■ **REQUIREMENT**:
Pictures stay out of the copy, and everything else in the data below is repeated exactly.

■ **THE DATA**:

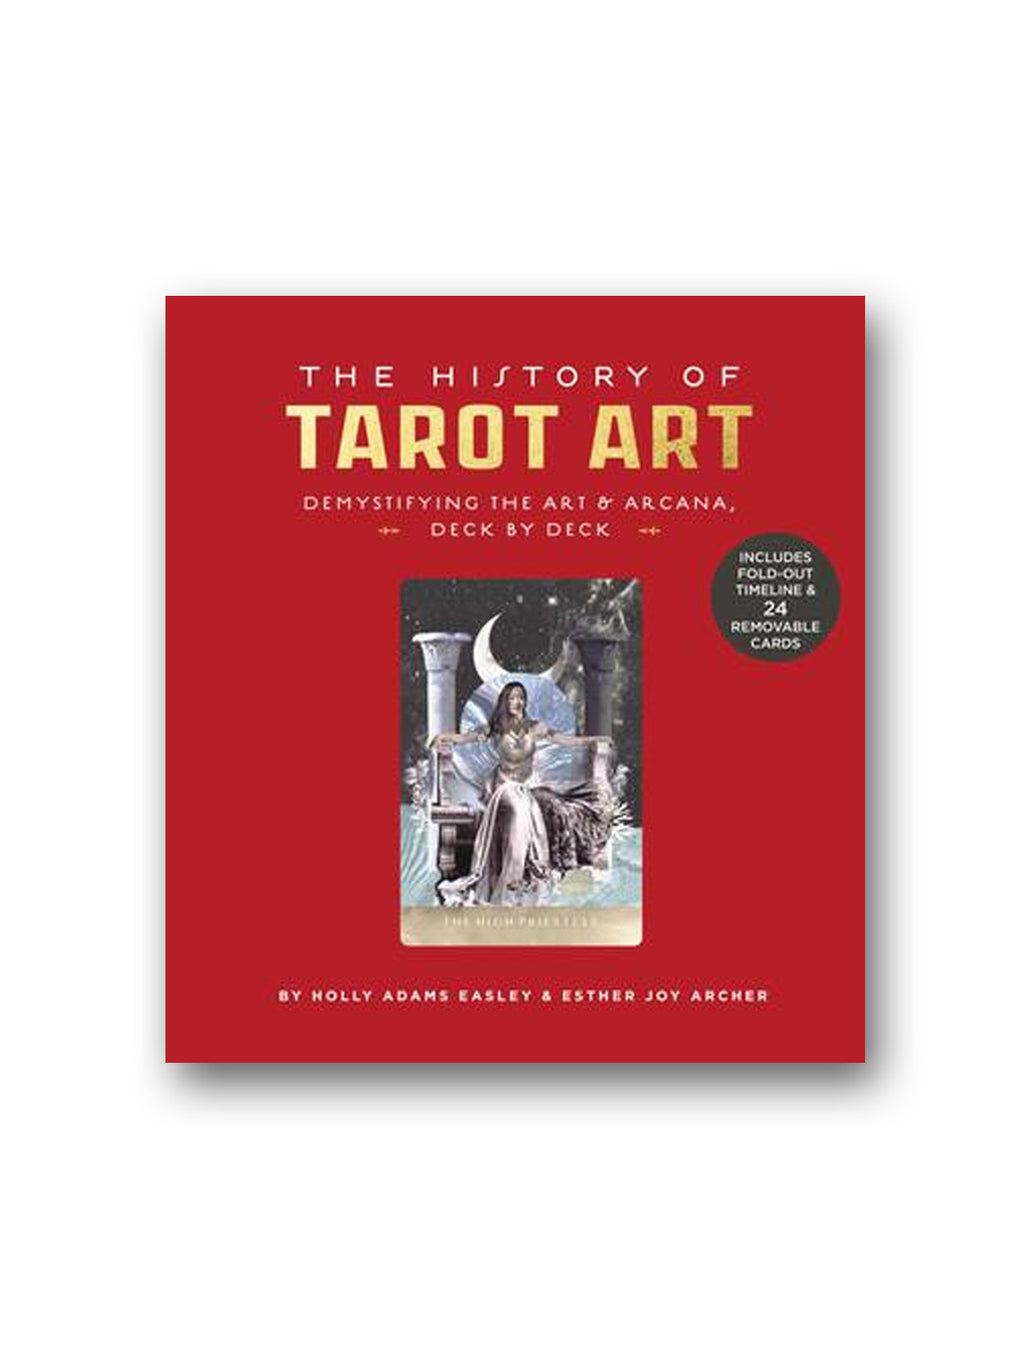 The History of Tarot Art
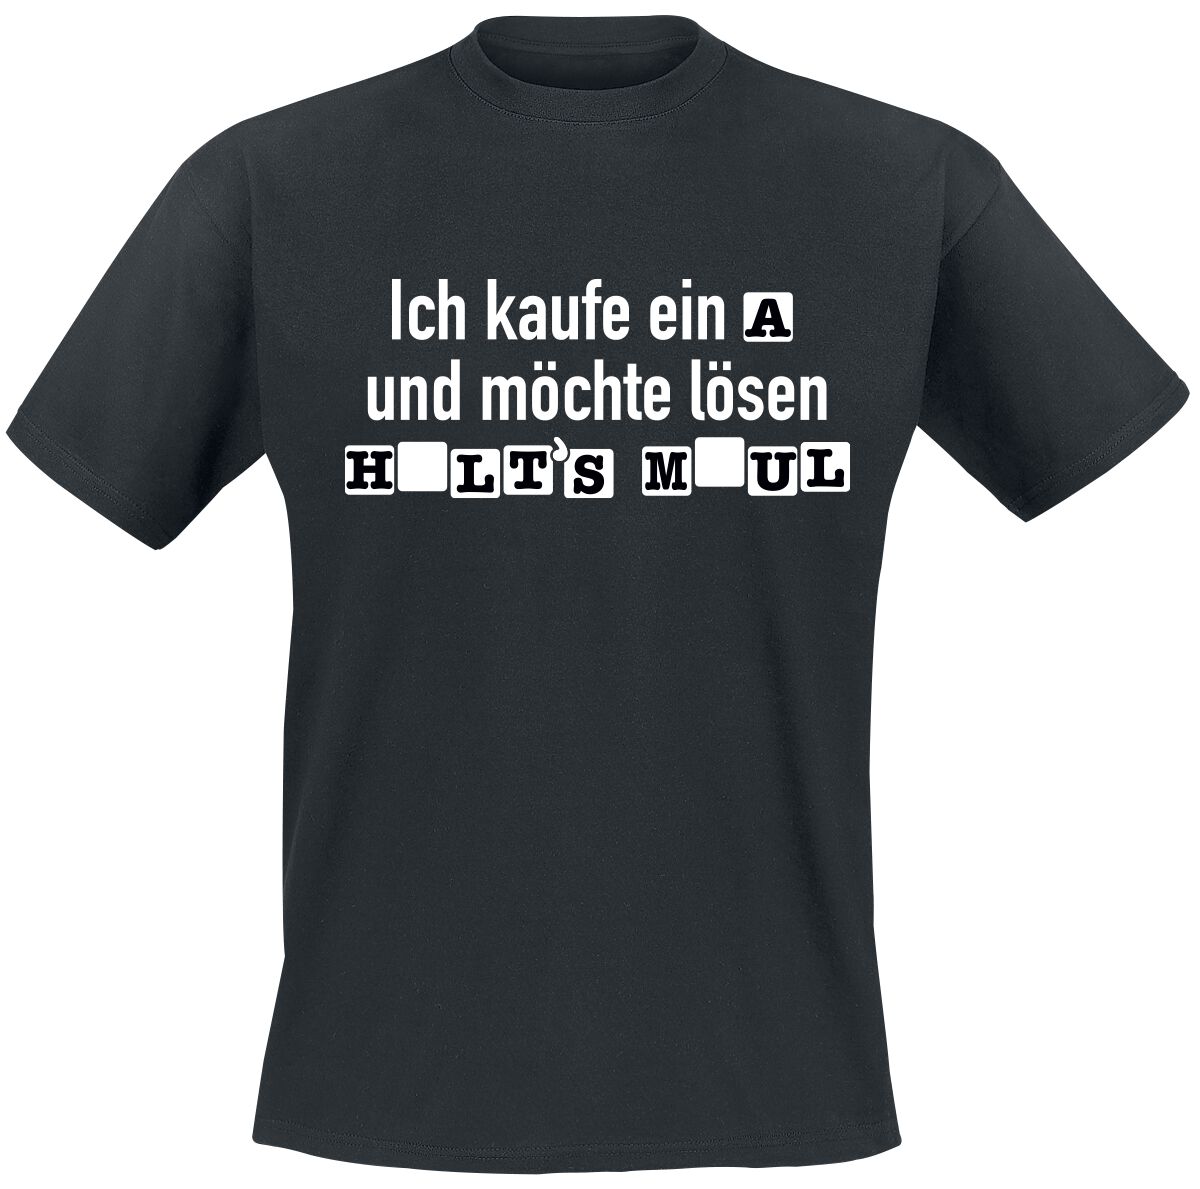 Sprüche T-Shirt - Ich kaufe ein A und möchte lösen - S bis 4XL - für Männer - Größe L - schwarz
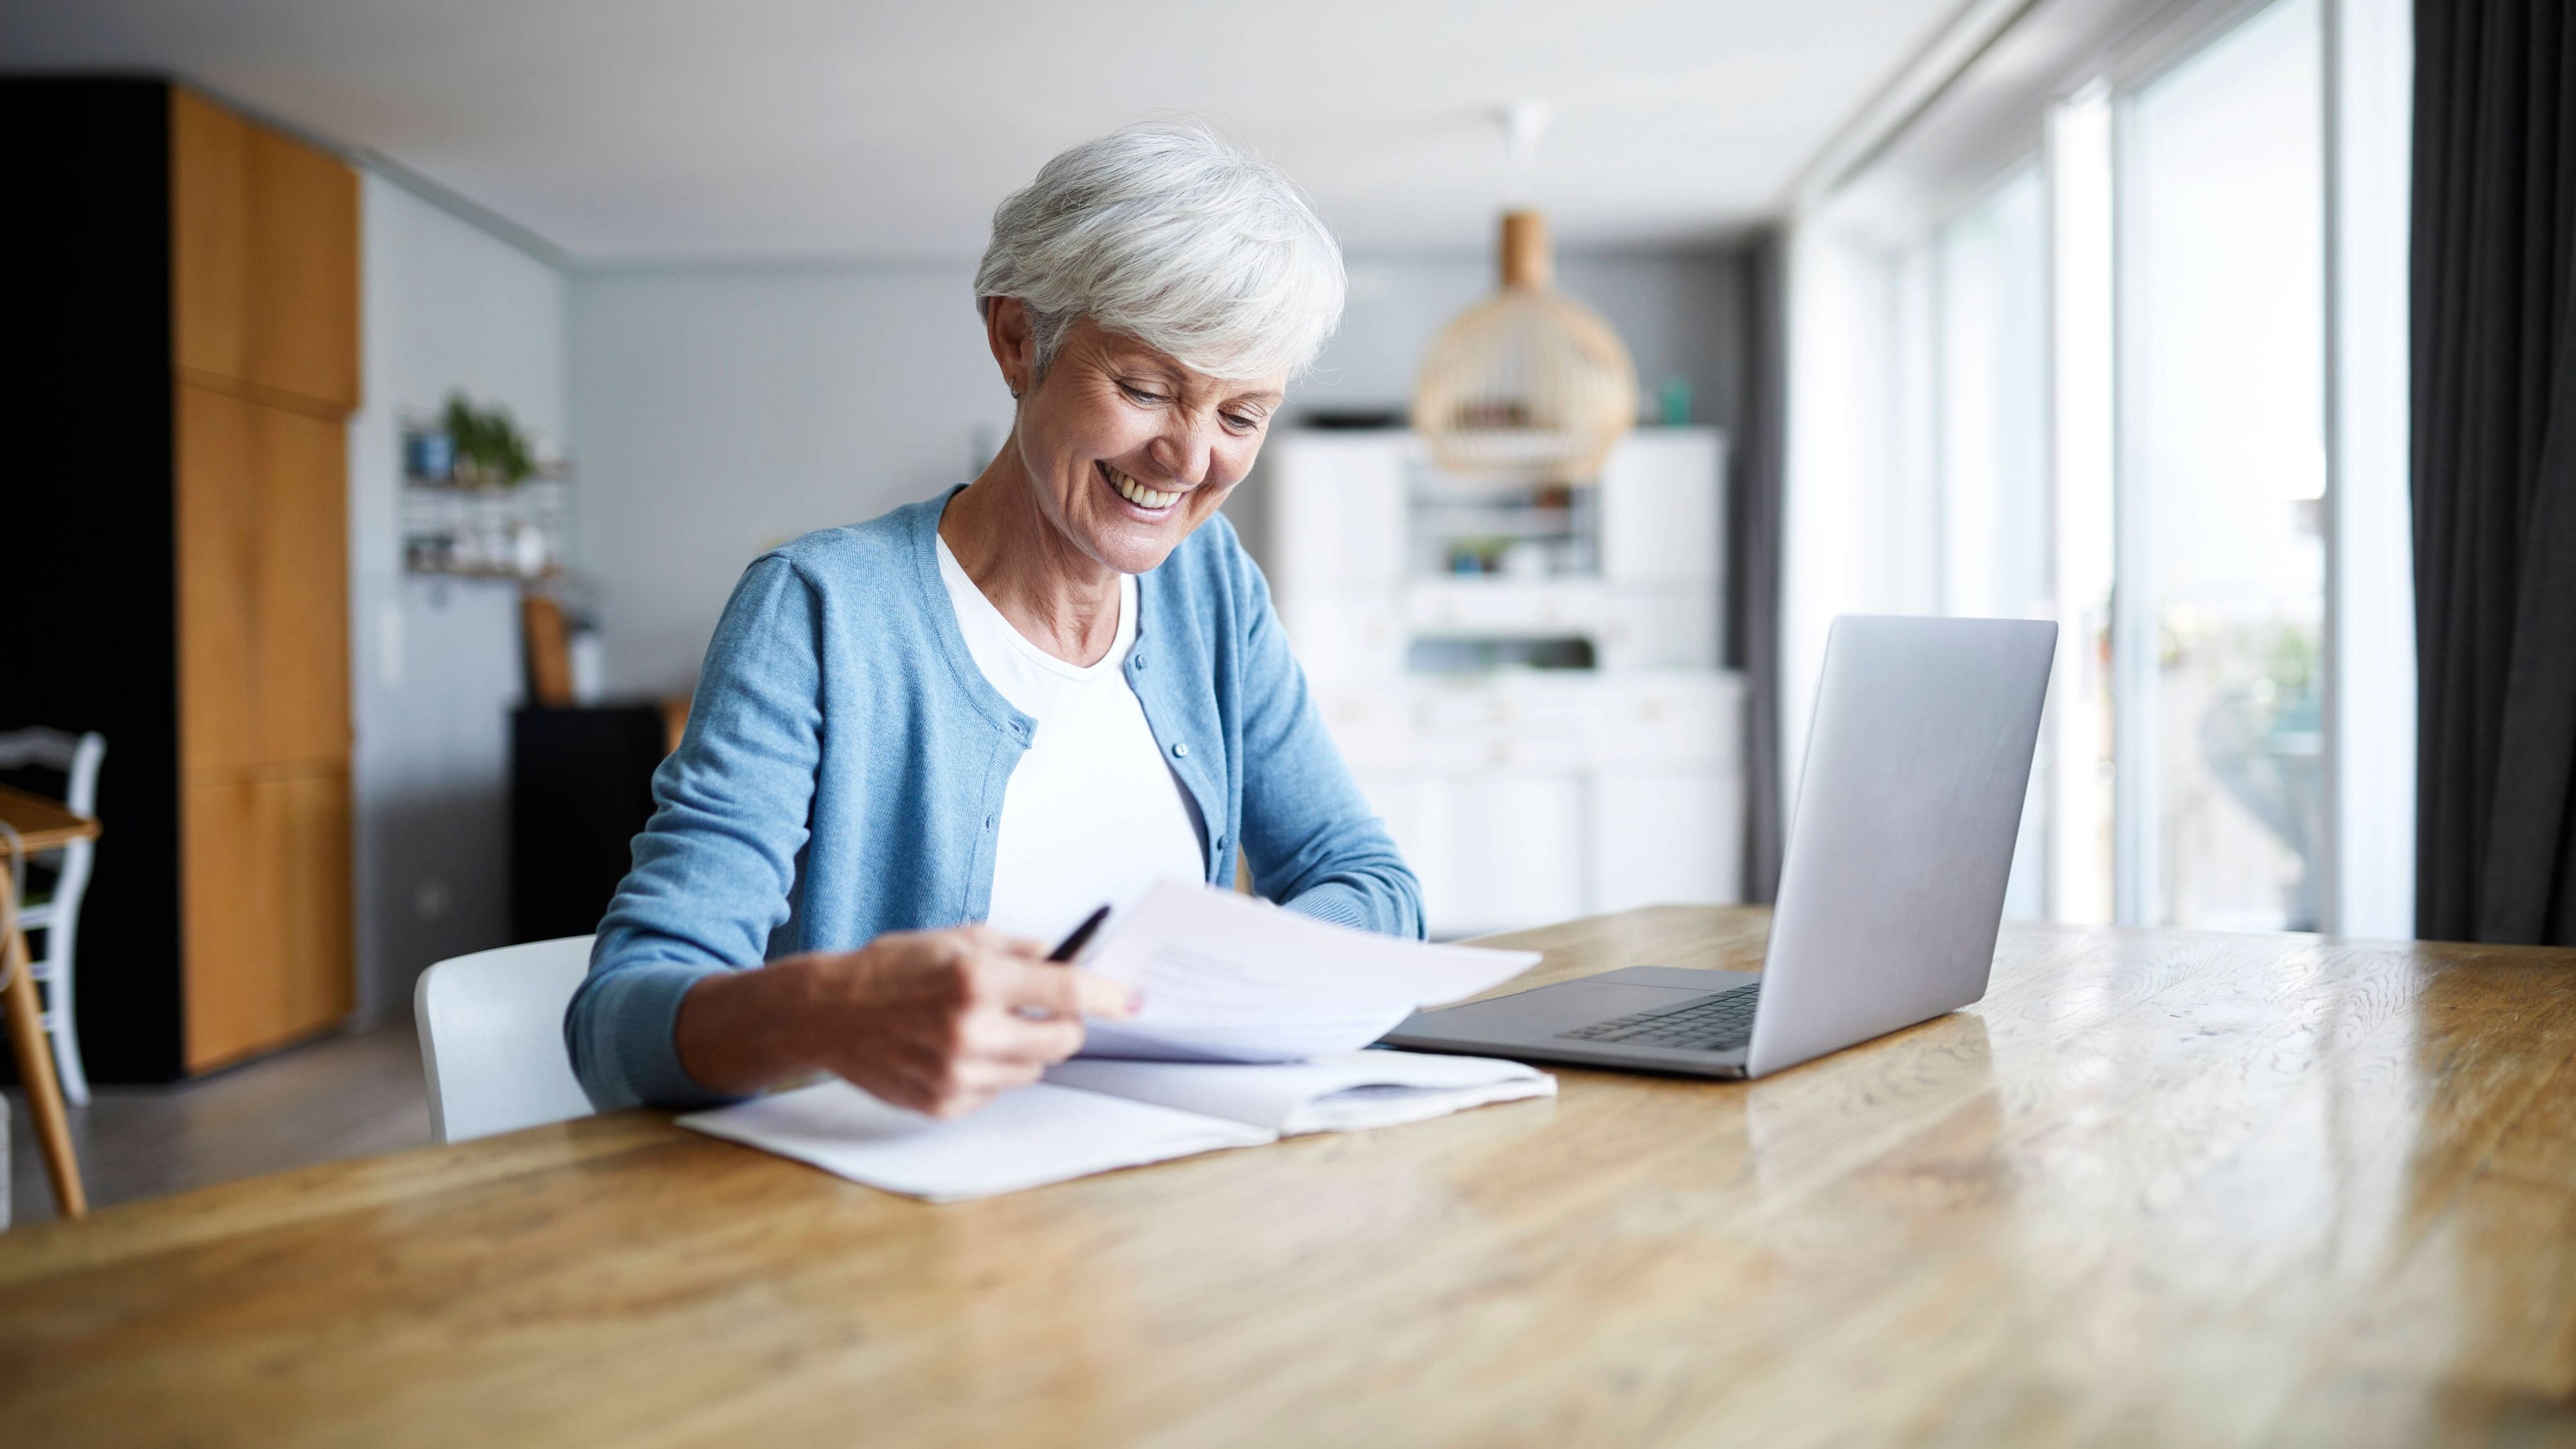 Steuererklärung als Rentner: Welche Unterlagen brauche ich?

■ **TASK OUTPUT**:
 The History of Tarot Art
 Sprüche T-Shirt - Ich kaufe ein A und möchte lösen - S bis 4XL - für Männer - Größe L - schwarz
 Steuererklärung als Rentner: Welche Unterlagen brauche ich?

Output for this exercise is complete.